Und mit wahrer mittelalterlicher Mönchsgeduld hielt der holländische Kunsthistoriker Prof. Dr. Frits van der Meer von der Universität Nijmegen die geschichtliche Ausbreitung der Zisterzienser im Kartenbild fest. Ein prachtvoller „Atlas de l’orde citercien“ (erschienen im Verlag Elsevier, Amsterdam) ist das monumentale Ergebnis seiner jahrelangen Arbeit.

Durch vergleichende Forschungen an Hand alter Atlanten stellte Professor van der Meer alle jene Orte fest, in denen sich mittelalterliche Zisterzienserabteien befanden und schuf so die Grundlagen für die dreizehn Landkarten im Atlas des Zisterzienserordens. Im Verlauf des Studiums sowohl bekannter als auch bisher unbearbeiteter Quellen konnte der Wissenschaftler aus Nijmegen die Existenz von mehr als 2600 Niederlassungen nachweisen — Abteien, Frauenklöster, Gutshöfe. 878 Photos geben ein sehr deutliches Bild der Monumente, die die weißen Mönche hinterließen. Dennoch ist der Atlas kein Bildband im strengen Sinn des Wortes, sondern ein historisches Werk, das sich ebenso an den Fachmann wie an den interessierten Laien wendet.

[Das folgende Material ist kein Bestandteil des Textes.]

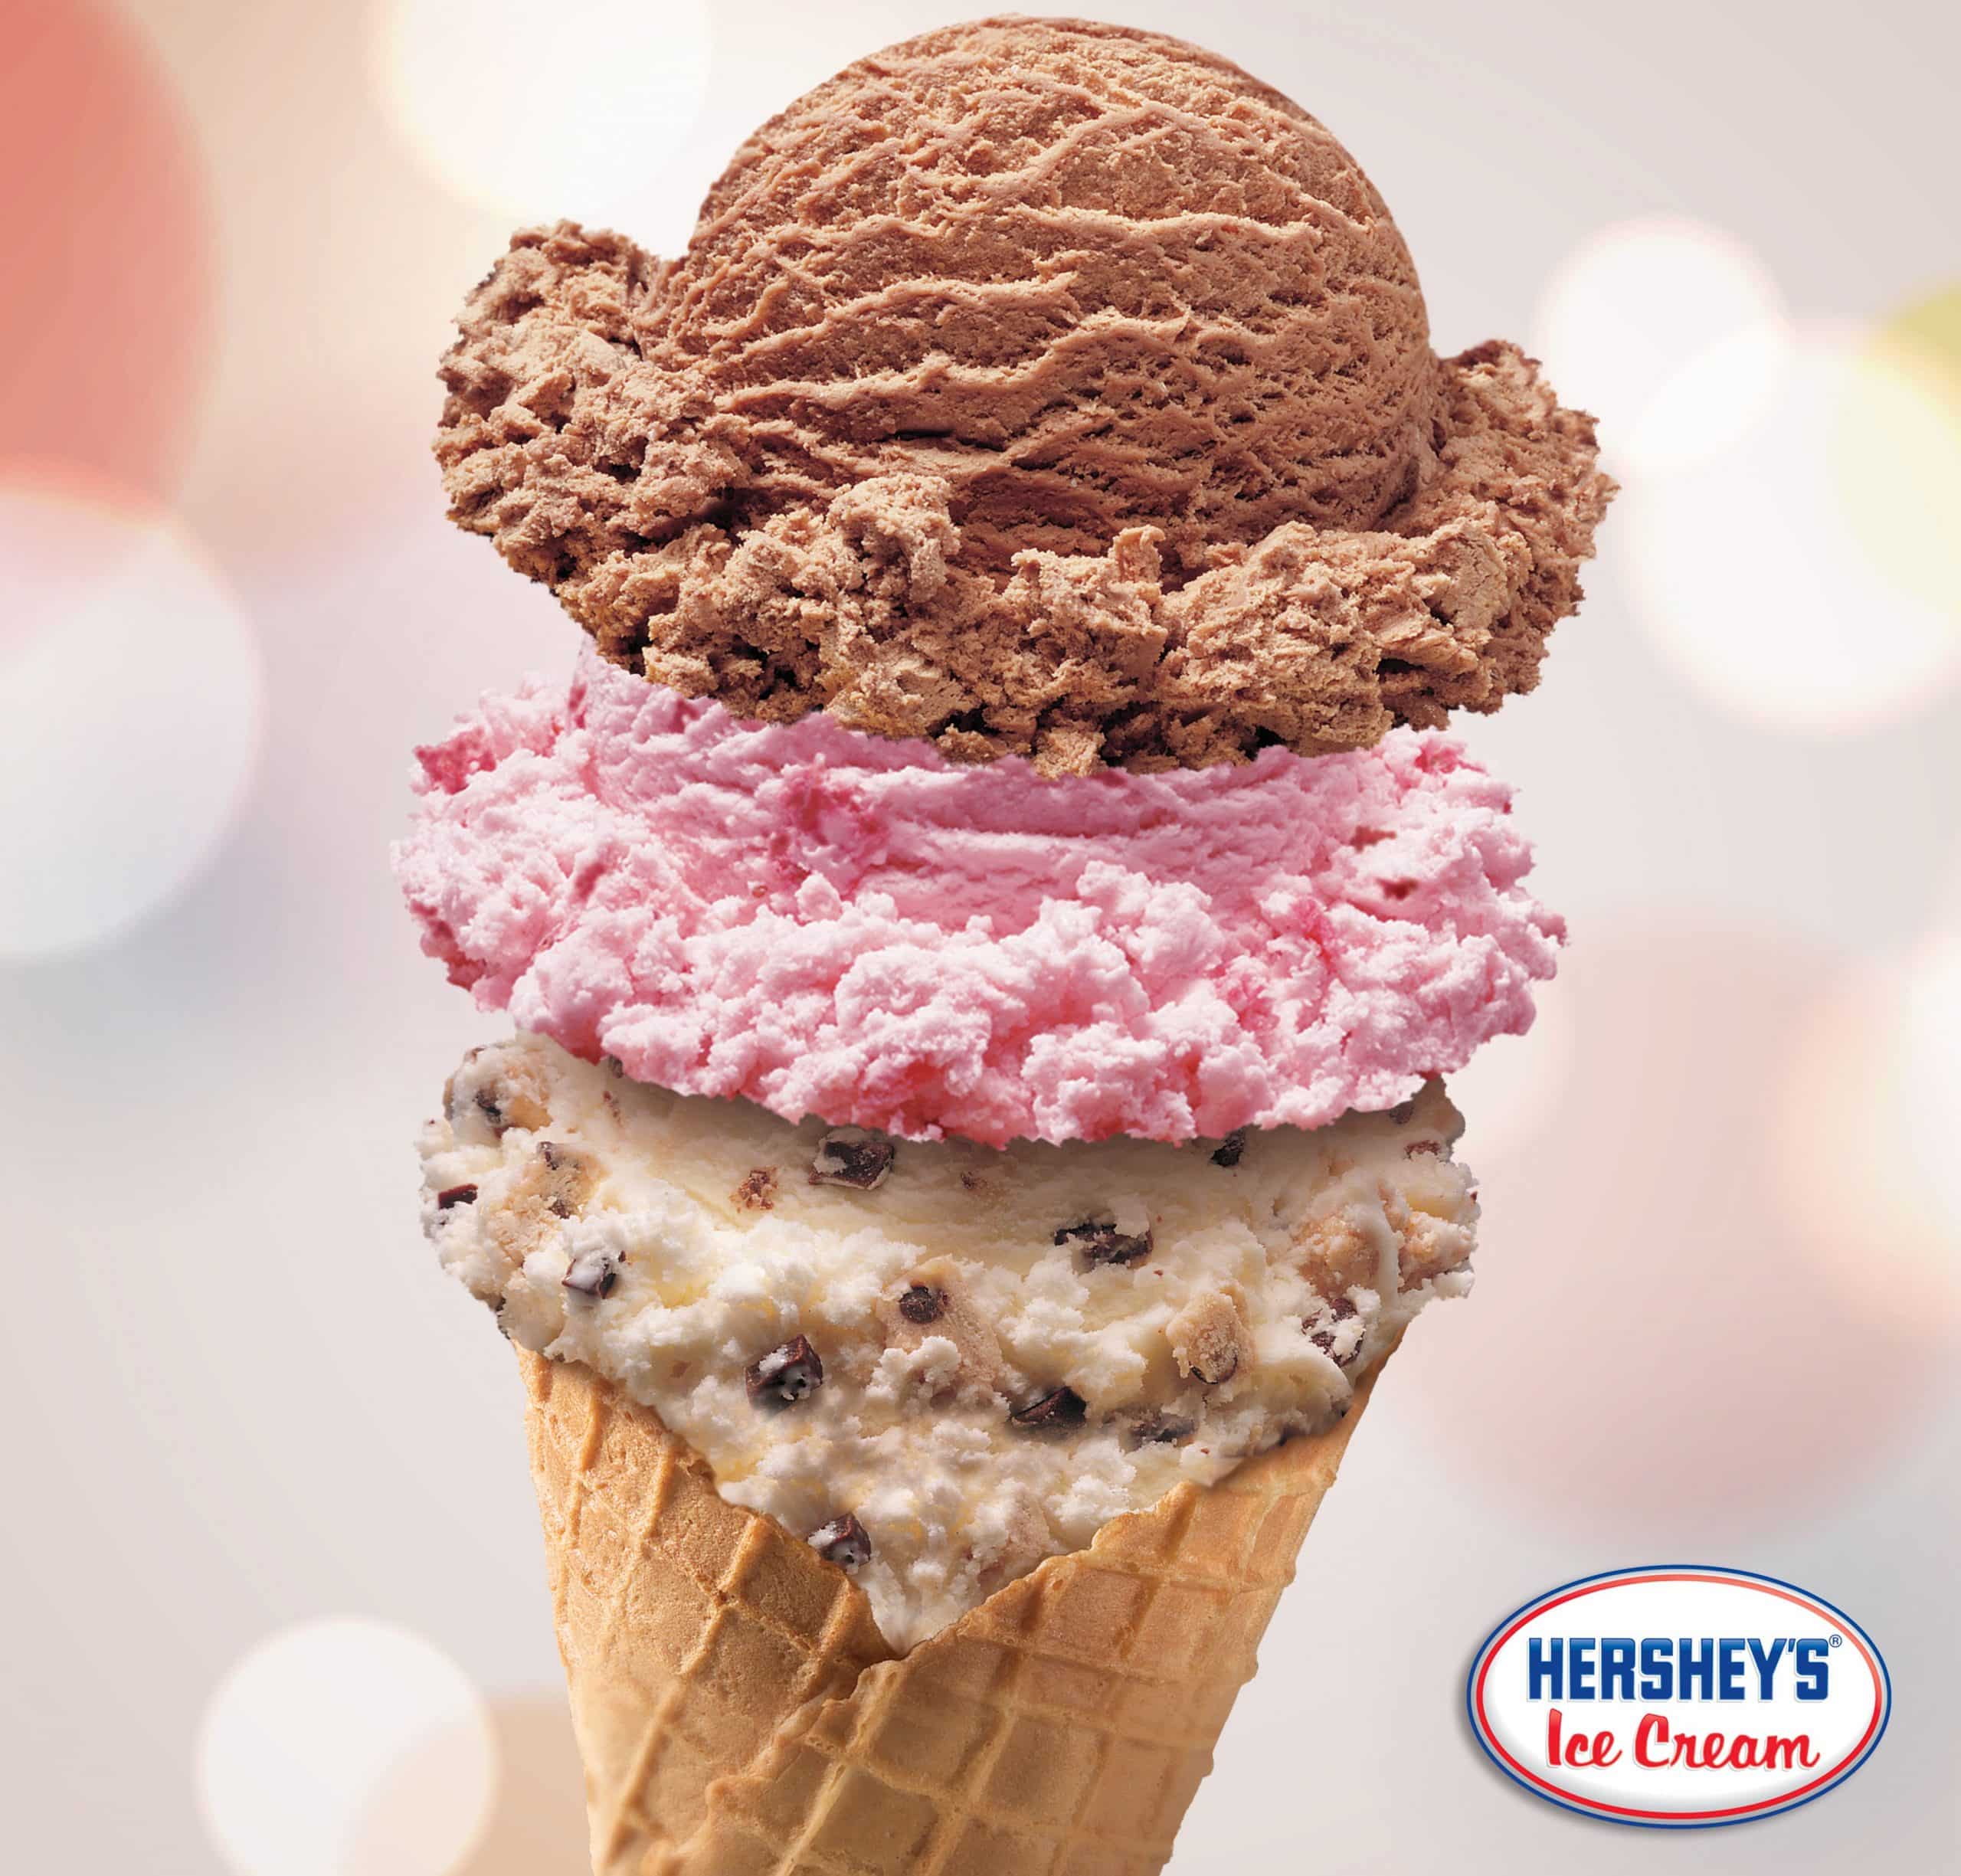 Hersheys Ice Cream Cake Calories

Wir kennen das 12. Jahrhundert als die Epoche der französischen Kathedralen, doch für die weißen Mönche war dieser Zeitraum die Epoche von Citeaux. 1098 stiftete Robert, Abt von Molesme, mit einundzwanzig Gefährten in Citeaux, einem öden Landstrich Burgunds, ein neues Kloster, um dort die Regeln des heiligen Benedikt in all ihrer Strenge zu befolgen. In den glanzvollen Abteien von Cluny merkte man nur mehr wenig von der klösterlichen Einfachheit und Armut. Prunk und Pomp entfalteten sich in den reich gezierten großen Kirchen (die Kirche von Cluny war die größte der mittelalterlichen Christenheit). Abt Robert und seine Mitbrüder aber wollten die Regeln des heiligen Benedikt im ursprünglichen Sinn des Wortes erfüllen: ein Leben in Einsamkeit, Stillschweigen und Armut, der körperlichen Arbeit und der Vereinfachung der Liturgie gewidmet. Der neue Orden nahm einen gewaltigen Aufschwung — was in Cluny Mißfallen, ja sogar Feindschaft erregte.

„Ein Heiliger ohne Rücksichten“

Nach der Stiftung von Citeaux folgten rasch die vier anderen „Mutterabteien“: 1113 La Fertė, 1114 Pon- tigny, 1115 Clairvaux und Morimond. Im Jahr 1153, fünfundzwanzig Jahre nach der Gründung des ersten Klosters, gab es insgesamt 343 Abteien! Aus allen Windrichtungen strömten junge Edelleute herbei, um ein Leben äußerster Askese zu führen — im 12. Jahrhundert belief sich die Zahl der Zisterziensermönche auf 80.000. In den Klöstern wurde weder Fleisch noch Fisch gegessen, auch Eier und Milchprodukte waren verpönt, die Brüder nährten sich nur von Gemüse, Bohnen, Brei und derbem Schwarzbrot, ihr Trunk war das Wasser. Sie schliefen voll angeklei det auf Strohsäcken und rasierten sich nur siebenmal im Jahr. Der Mann, der einerseits durch sein großes Vorbild und anderseits durch seine Geistesgaben und seinen Glaubenseifer den Orden „populär“ machte, war Bernhard von Clairvaux — ein „universelles Genie und ein Heiliger ohne Rücksichten“, wie ihn van der Meer in der Einleitung zum Zisterzienseratlas nennt.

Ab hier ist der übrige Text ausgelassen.